_ACTION ITEM_
Leave every image behind and restate the data word for word.

_COLLECTED MATERIAL_
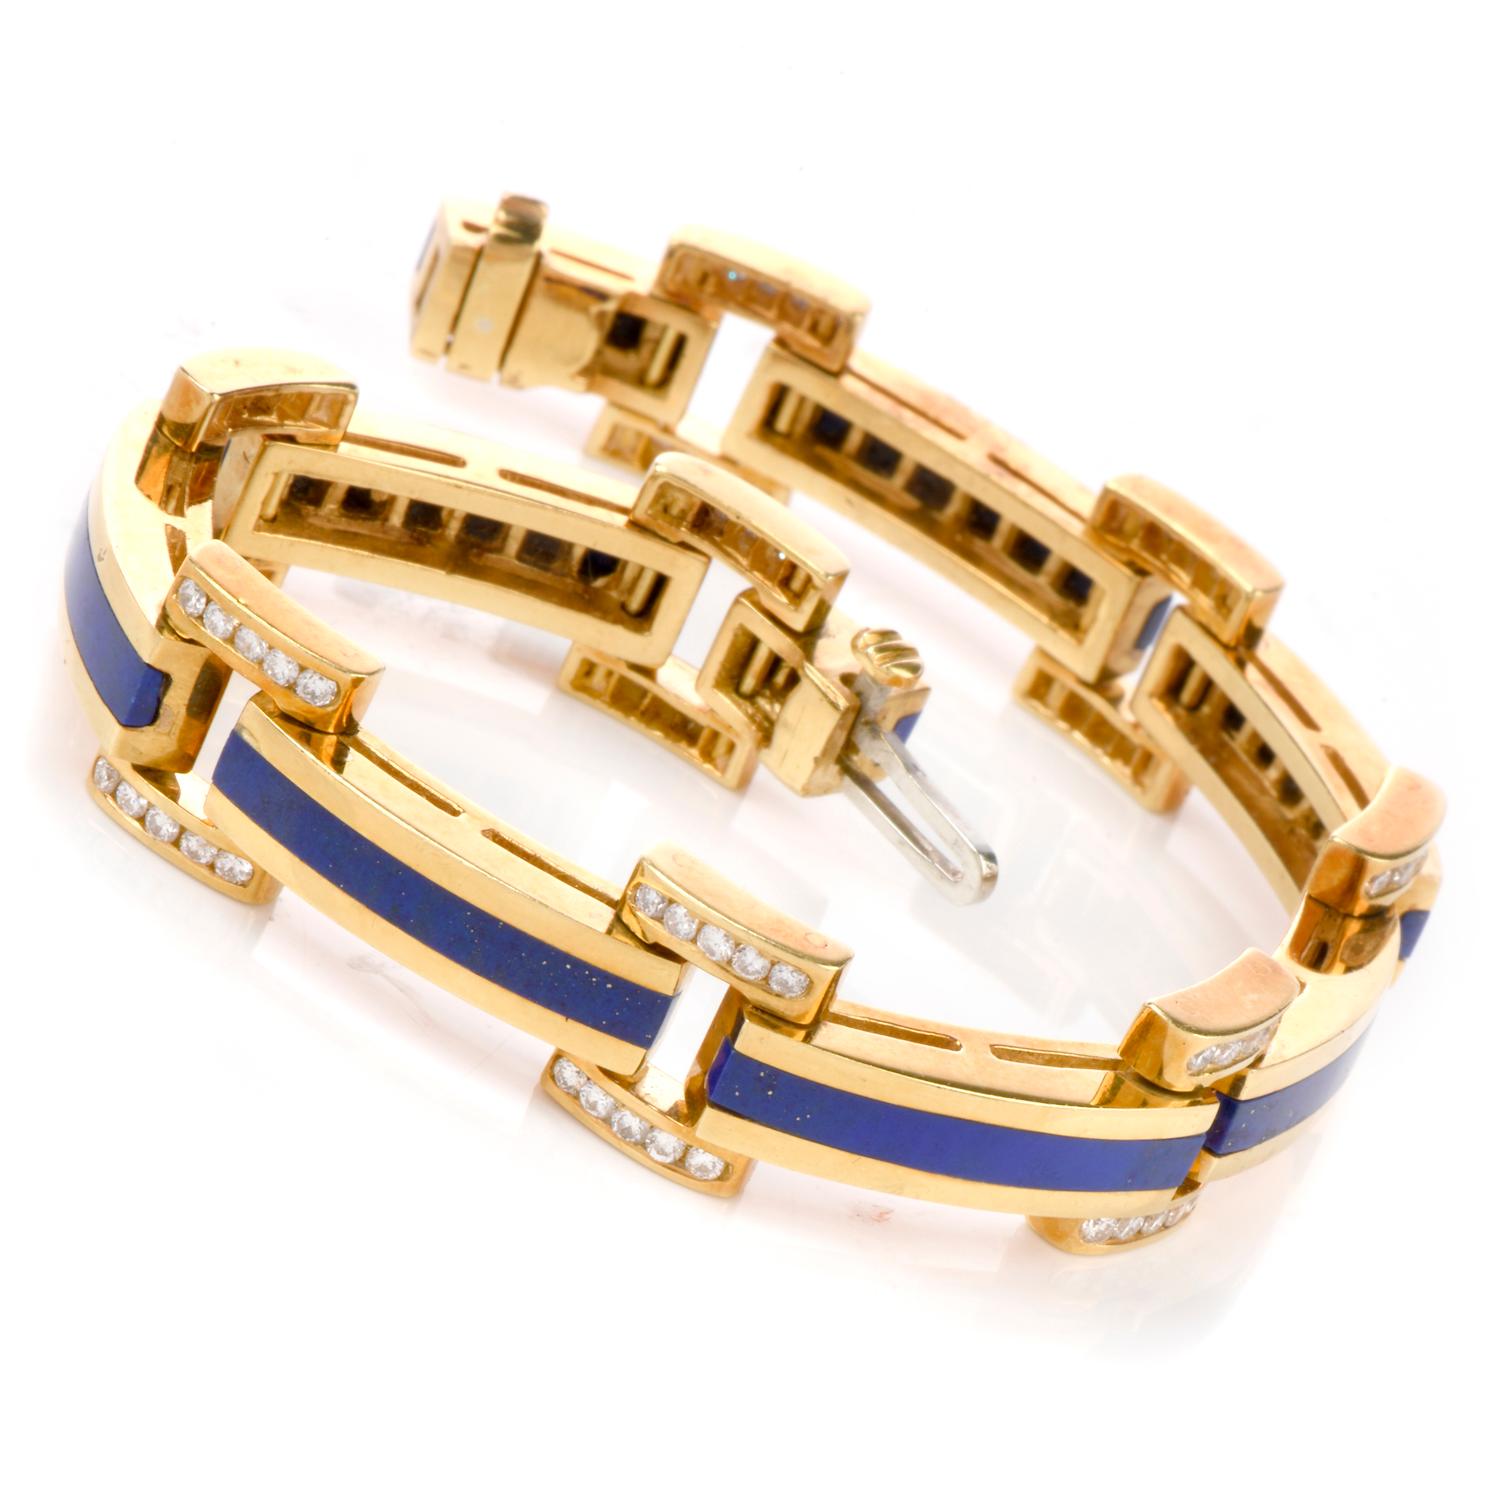 This high quality 1980's Diamond and Blue lapis bracelet was

inspired in a classic art deco design and crafted in 18k gold.

Alternating diagonal stripes of Diamond and Blue Enamel adorn this piece.

80 fine round-cut diamonds weighing approx.1.50

_EXPECTED OUTPUT_
 This high quality 1980's Diamond and Blue lapis bracelet was

inspired in a classic art deco design and crafted in 18k gold.

Alternating diagonal stripes of Diamond and Blue Enamel adorn this piece.

80 fine round-cut diamonds weighing approx.1.50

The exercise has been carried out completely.